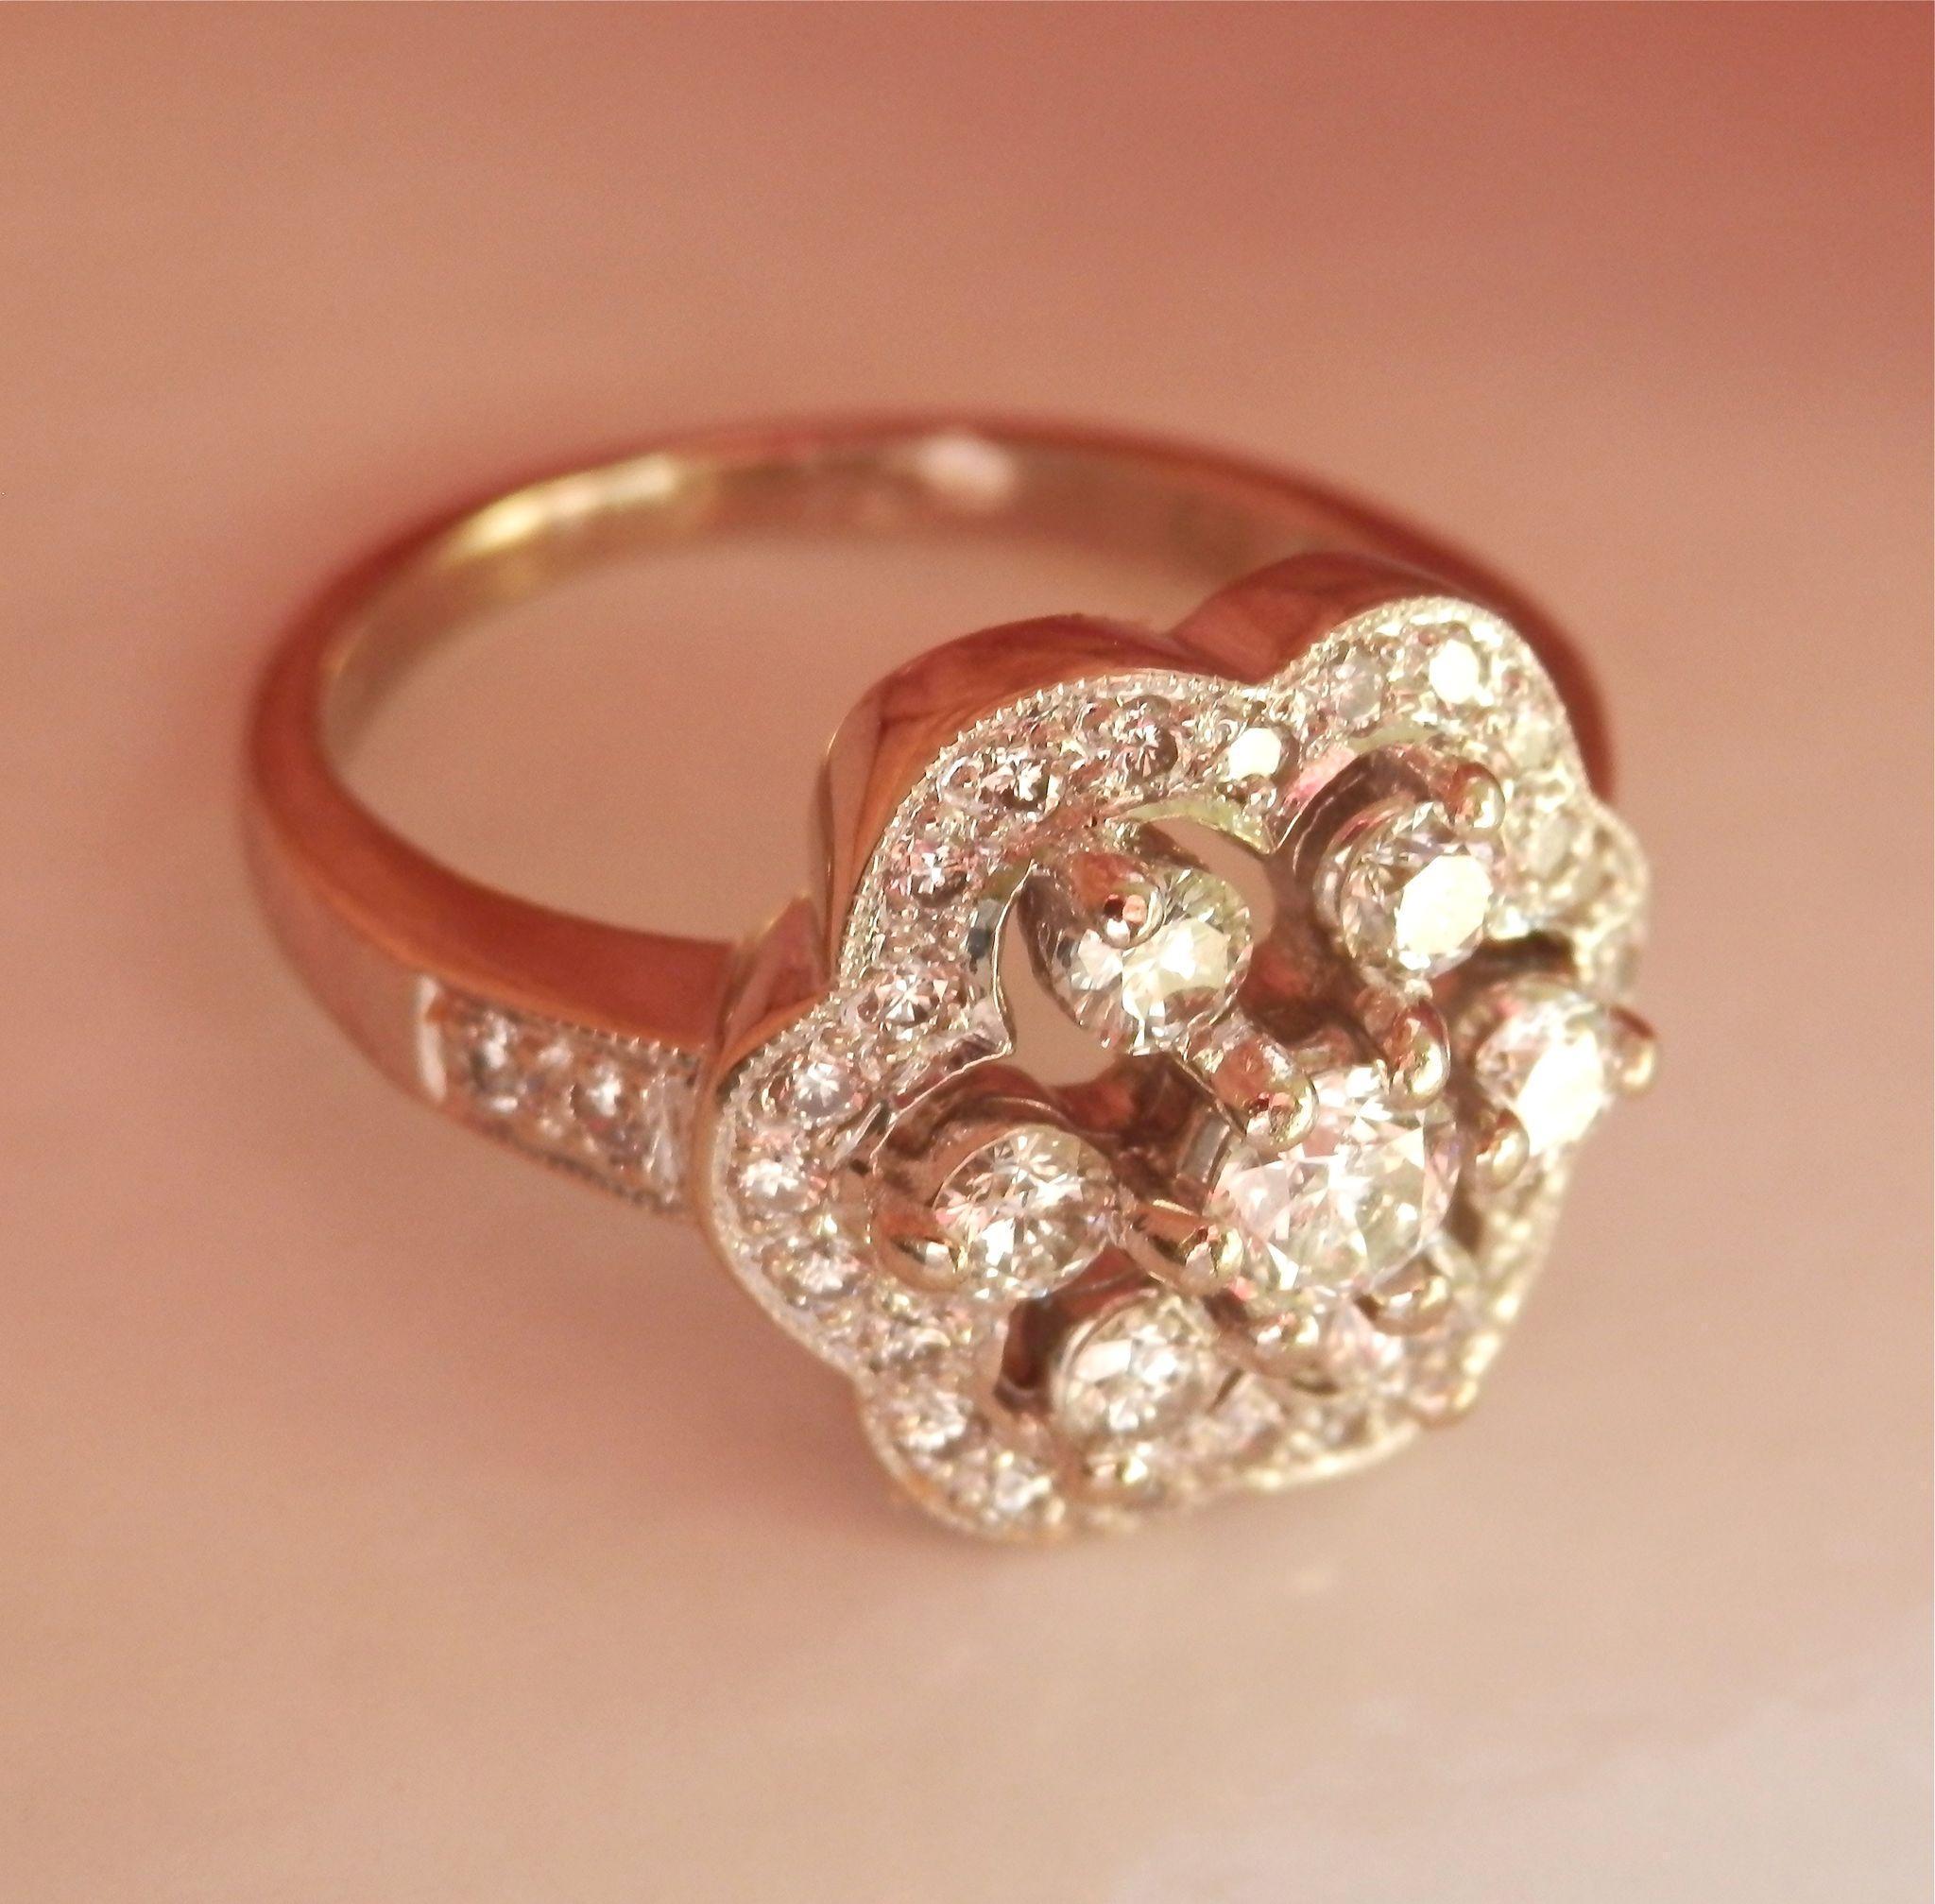 Fabulous Leslie Greene 18K W/Gold 0.86 Ct. Diamond Ring
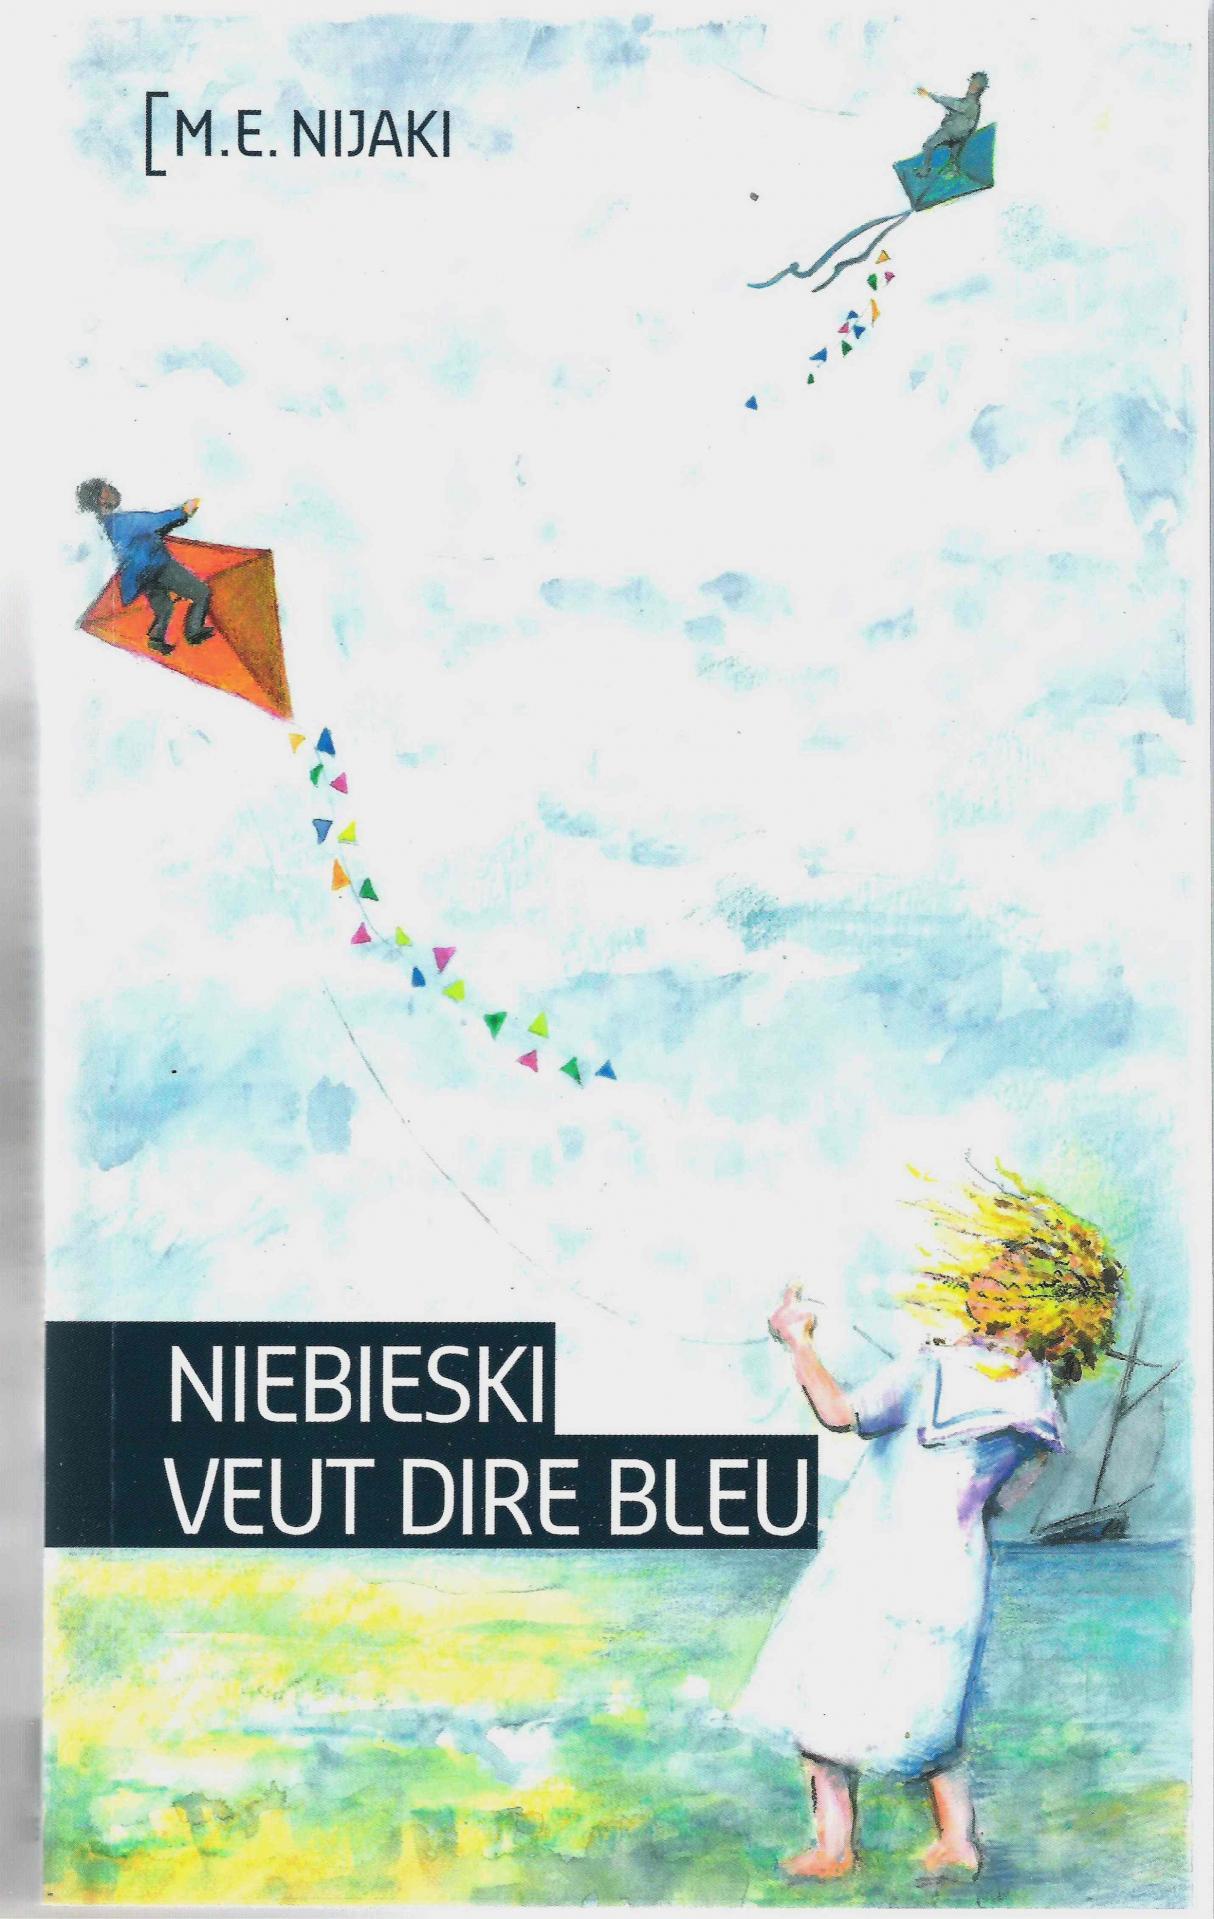 Niebieski veut dire bleu couverture
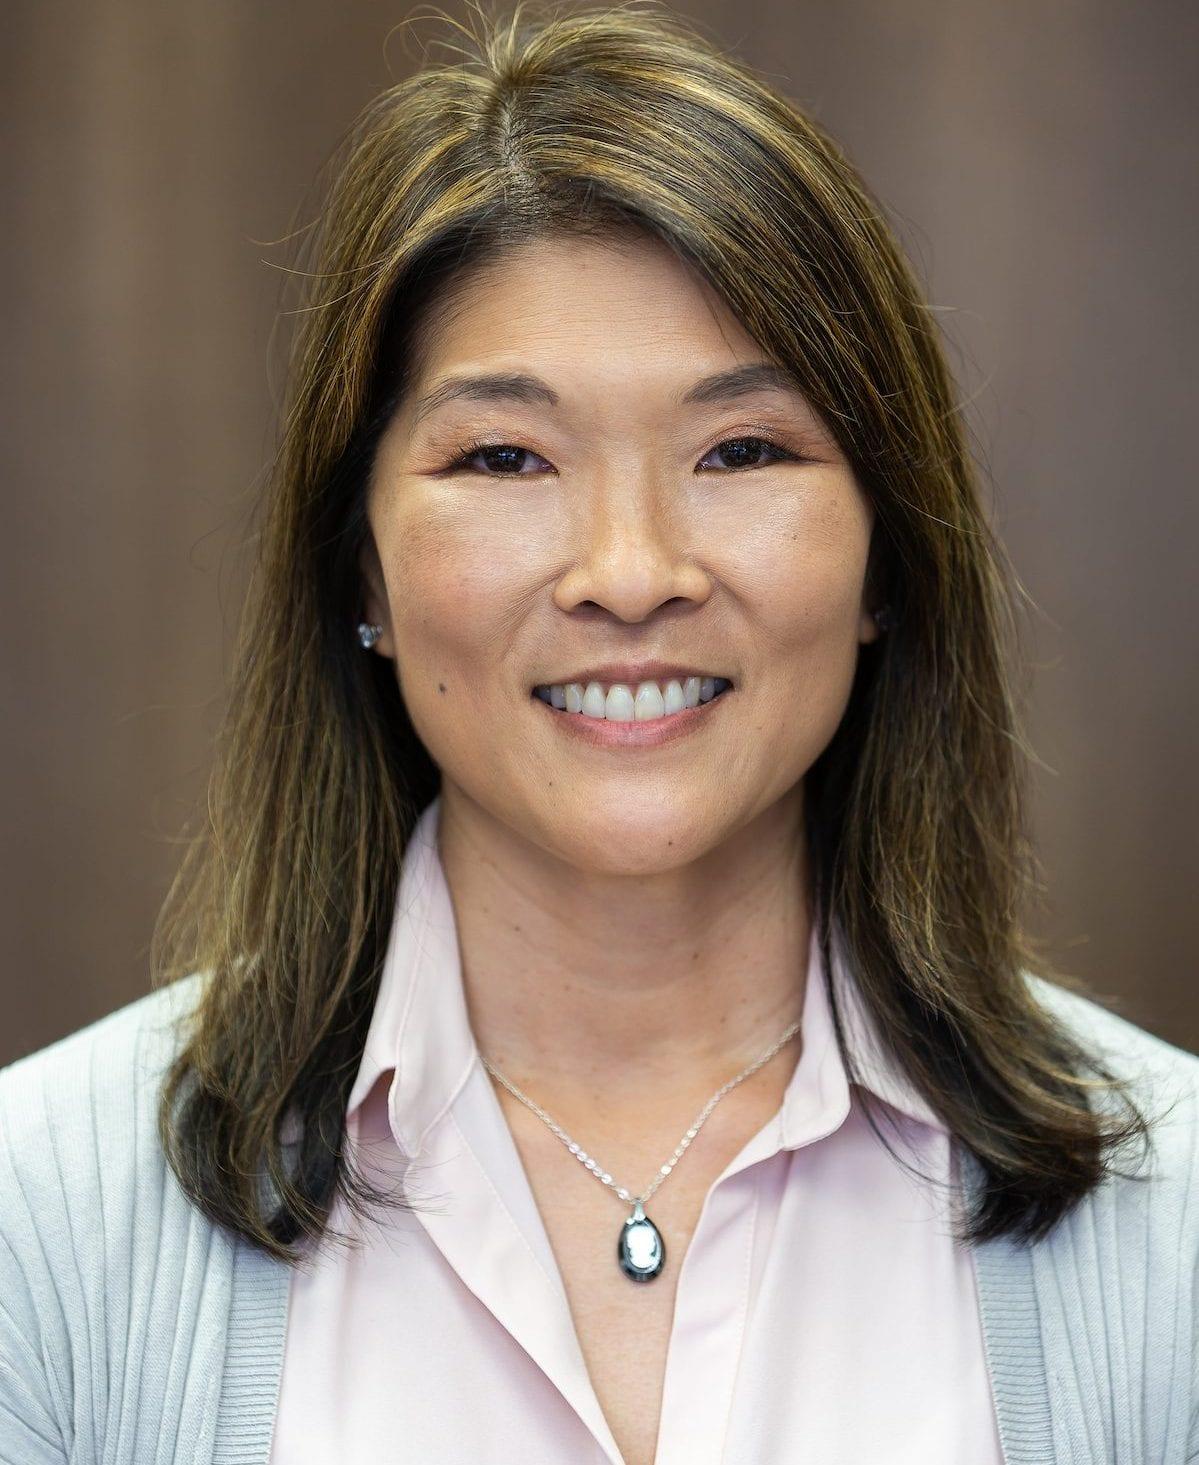 Ronni M Chen, MD
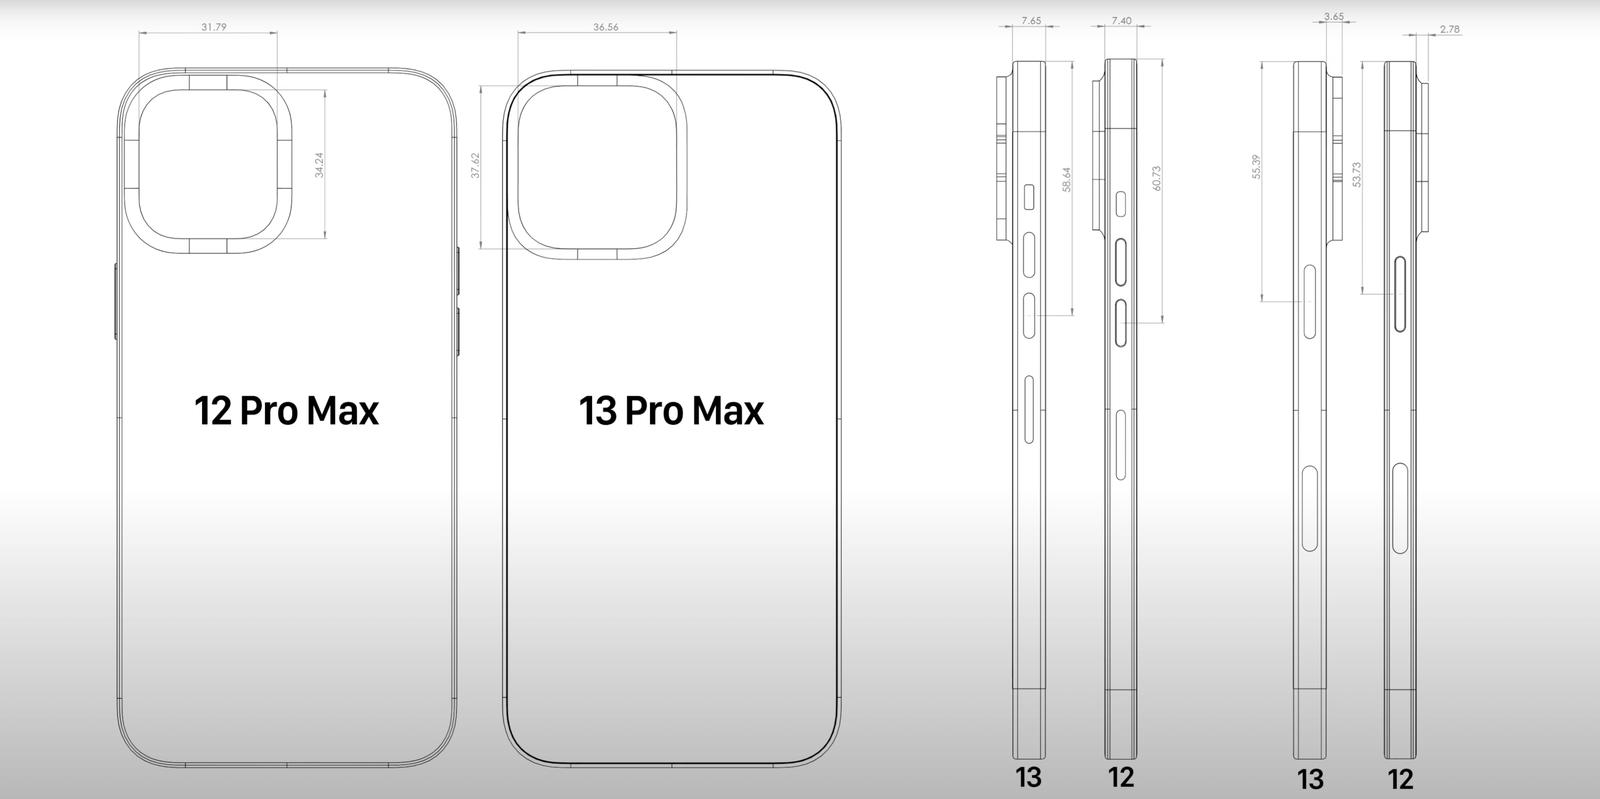 苹果 iPhone 13 Pro Max CAD 图泄露,详细尺寸曝光

** Exercise description **
Print exactly, and only, the lines from the line containing "Ronni M Chen, MD" to the last line of the material above, with every picture left out.

** Answer section **
 Ronni M Chen, MD
 苹果 iPhone 13 Pro Max CAD 图泄露,详细尺寸曝光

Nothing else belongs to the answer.